2I. Prohibition of Certain Actions. The Company shall not, by amendment of its certificate of incorporation or through any reorganization, transfer of assets, consolidation, merger, dissolution, issue or sale of securities or any other voluntary action, avoid or seek to avoid the observance or performance of any of the terms to be observed or performed hereunder by the Company, but will at all times in good faith assist in the carrying out of all the provisions of this Warrant and in the taking of all such action as may reasonably be requested by the Holder in order to protect the exercise privilege of the Holder against dilution or other impairment, consistent with the tenor and purpose of this Warrant. Without limiting the generality of the foregoing, the Company (a) shall not increase the par value of any shares of Common Stock receivable upon the exercise of this Warrant above the Exercise Price then in effect, (b) shall take all such action as may be necessary or appropriate in order that the Company may validly and legally issue fully paid and nonassessable shares of Common Stock upon the exercise of all Warrants from time to time outstanding, and (c) shall not take any action which results in any adjustment of the Exercise Price if the total number of shares of Common Stock or Other Securities issuable after the action upon the exercise of all of the Warrants would exceed the total number of shares of Common Stock or Other Securities then authorized by the Company’s certificate of incorporation and available for the purpose of issue upon such conversion.
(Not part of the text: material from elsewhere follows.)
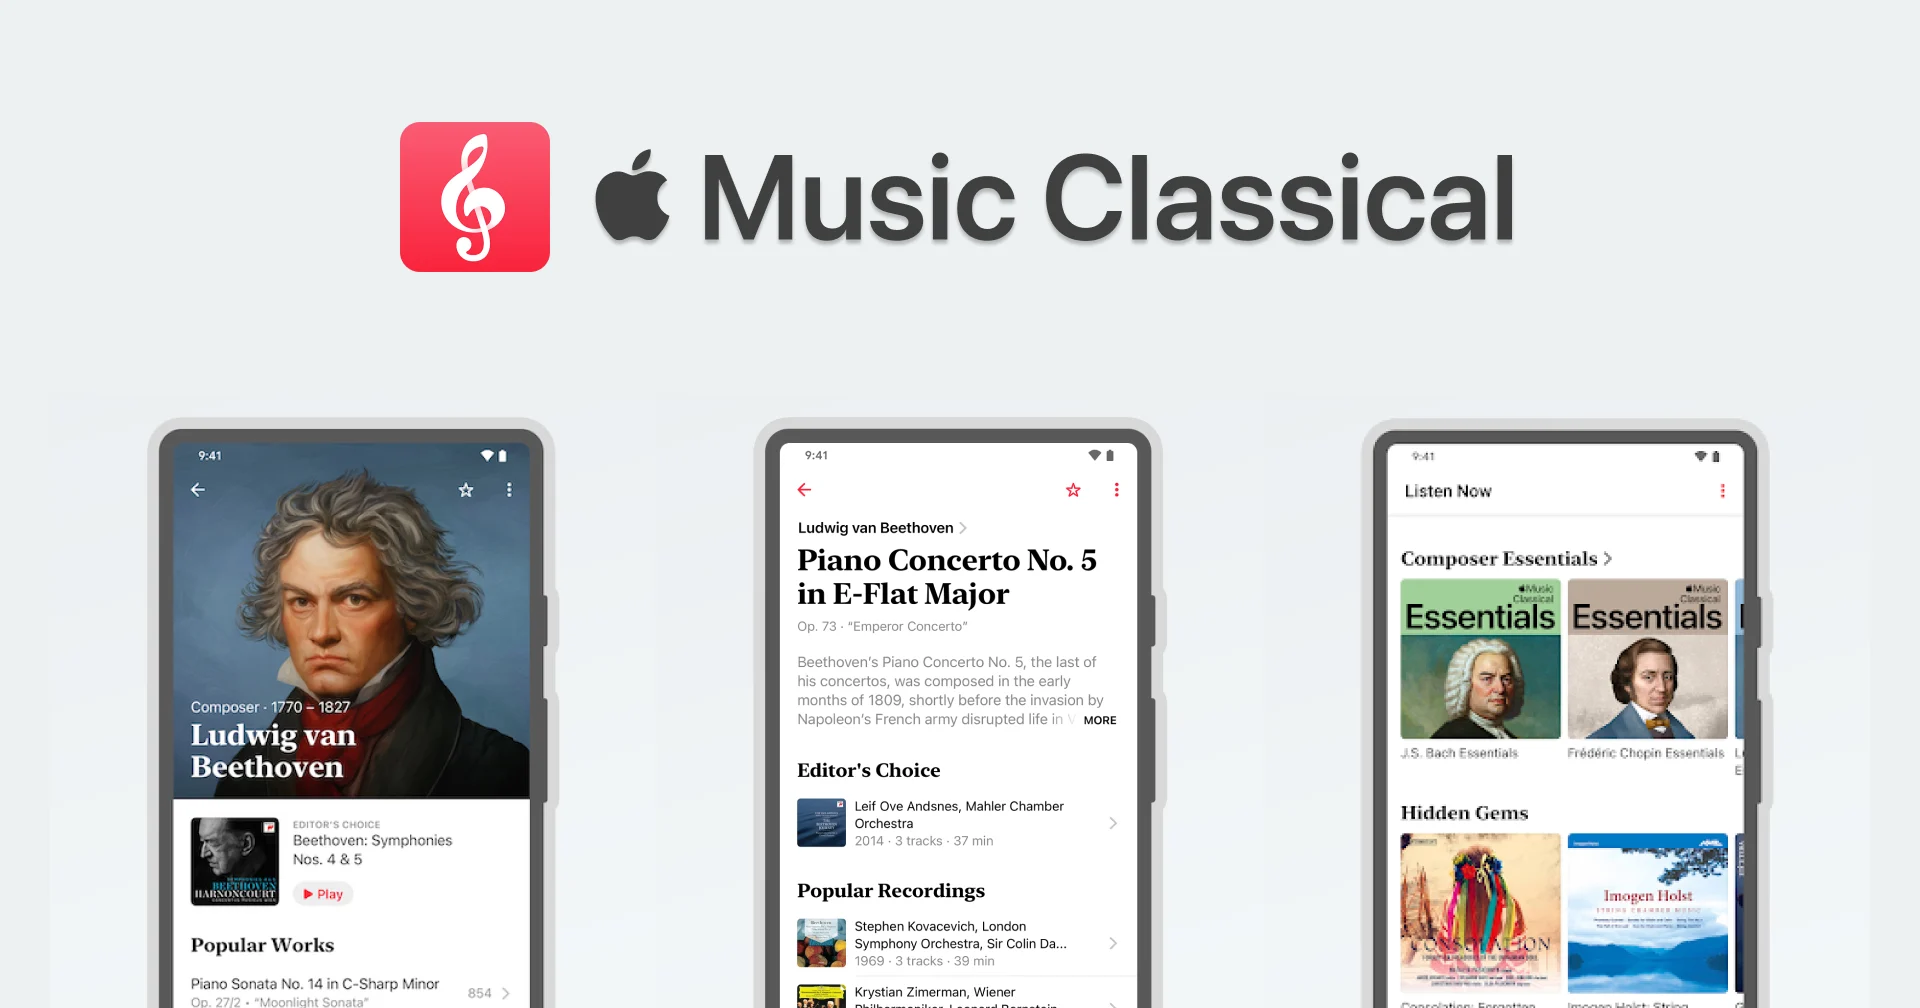 ทางด้าน Apple ปล่อย Apple Music Classical เวอร์ชัน Android แล้ว แต่ iPad และ Mac ยังไม่มา

2J One Adjustment per Event. Except to the extent the terms of this Warrant otherwise contemplate multiple adjustments, the Exercise Price shall not be adjusted more than once for any one event for which an appropriate adjustment is made pursuant to this Section 2.

Section 3. Stock to be Reserved. The Company will, at all times during the period in which the rights represented by this Warrant may be exercised, reserve and keep available out of the authorized Common Stock, solely for the purpose of issuance upon the exercise of the Warrants as herein provided, such number of shares of Common Stock as shall then be issuable upon the exercise of all outstanding Warrants, and the Company will maintain at all times all other rights and privileges sufficient to enable it to fulfill all its obligations hereunder. The Company covenants that all shares of Common Stock which shall be so issuable shall be, upon issuance, duly authorized, validly issued, fully paid and nonassessable, free from preemptive or similar rights on the part of the holders of any shares of capital stock or securities of the Company or any other Person in connection with such issuance, and free from all taxes, liens and charges with respect to the issuance thereof (not including any income taxes payable by the Holder in connection with the exercise of the Warrant), and the Exercise Price will be credited to the capital and surplus of the Company. The Company will take all such action as may be necessary to assure that such shares of Common Stock may be so issued without violation of any applicable law or regulation, or of any applicable requirements of the National Association of Securities Dealers, Inc. and of the securities exchanges, if any, upon which the Common Stock may be listed.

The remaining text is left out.